我正在尝试使用决策树进行分类并获得 100% 的准确率。
这是一个常见问题,描述为 here和 here 。以及许多其他问题。
数据为here .
两个最佳猜测:
- 我错误地分割了数据
- 我的数据集太不平衡
我的代码有什么问题吗?
import pandas as pd
import numpy as np
from sklearn.tree import DecisionTreeClassifier
from sklearn.metrics import classification_report
from sklearn.model_selection import cross_val_score
import sklearn.model_selection as cv
from sklearn.metrics import mean_squared_error as MSE
from sklearn.model_selection import train_test_split
from sklearn import metrics
from sklearn.metrics import confusion_matrix
from sklearn.metrics import accuracy_score
# Split data
Y = starbucks.iloc[:, 4]
X = starbucks.loc[:, starbucks.columns != 'offer_completed']

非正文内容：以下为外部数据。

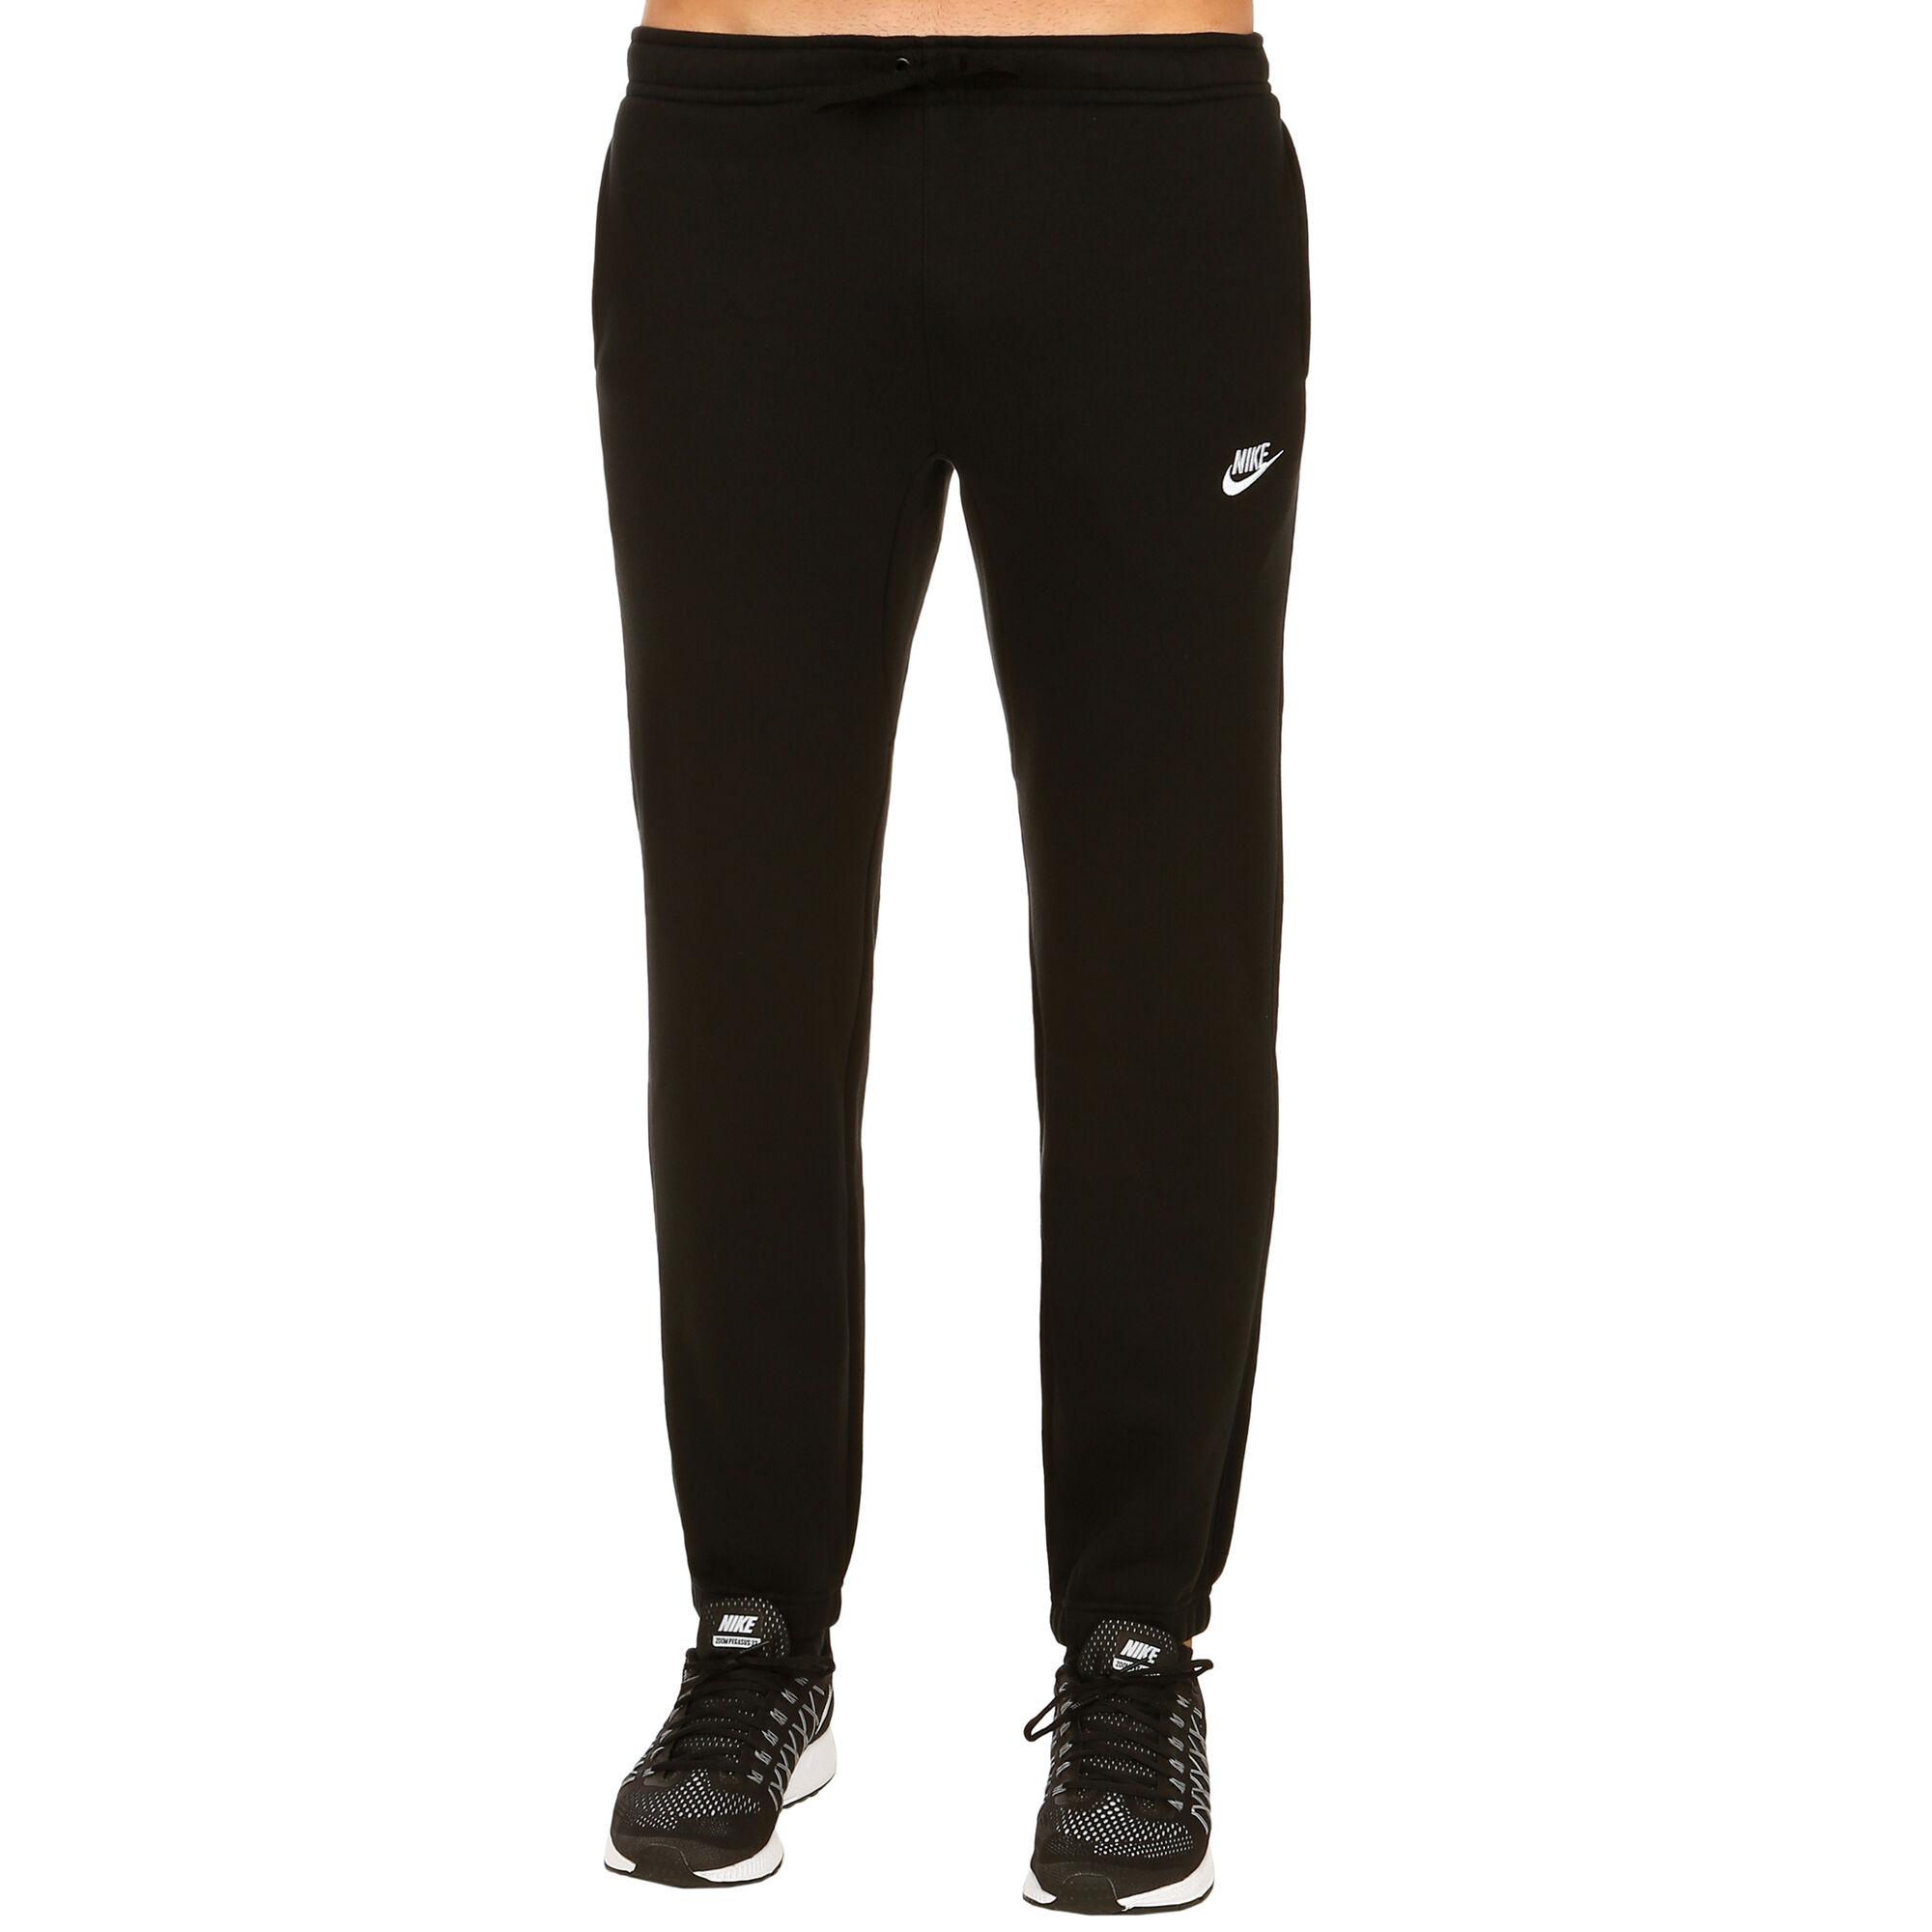 b5e3ab1661901a Nike Sportswear Trainingshose Herren - Schwarz

# Splitting the dataset into train and test
X_train, X_test, y_train, y_test = train_test_split(X, Y,
test_size=0.3,
random_state=100)
# Creating the classifier object
clf_gini = DecisionTreeClassifier(criterion = "gini",
random_state = 100,
max_depth = 3,
min_samples_leaf = 5)
# Performing training
clf_gini.fit(X_train, y_train)
# Predicton on test with giniIndex
y_pred = clf_gini.predict(X_test)
print("Predicted values:")
print(y_pred)
print("Confusion Matrix: ", confusion_matrix(y_test, y_pred))
print ("Accuracy : ", accuracy_score(y_test, y_pred)*100)

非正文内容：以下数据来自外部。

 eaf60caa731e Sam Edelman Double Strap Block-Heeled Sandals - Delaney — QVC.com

print("Report : ", classification_report(y_test, y_pred))
y_pred_gini = prediction(X_test, clf_gini)
cal_accuracy(y_test, y_pred_gini)
Predicted values:
[0. 0. 0. ... 0. 0. 0.]
Confusion Matrix: [[36095 0]
[ 0 8158]]
Accuracy : 100.0
当我打印 X 时,它显示 offer_completed
已被删除。
X.dtypes
offer_received int64
offer_viewed float64
time_viewed_received float64
time_completed_received float64
time_completed_viewed float64
transaction float64
amount float64
total_reward float64
age float64
income float64
male int64
membership_days float64
reward_each_time float64
difficulty float64
duration float64
email float64
mobile float64
social float64
web float64
bogo float64
discount float64
informational float64
最佳答案
拟合模型并检查特征重要性,您可以看到除了 total_reward
之外,它们全部为零。然后投资这样的列你会得到:
df.groupby(target)['total_reward'].describe()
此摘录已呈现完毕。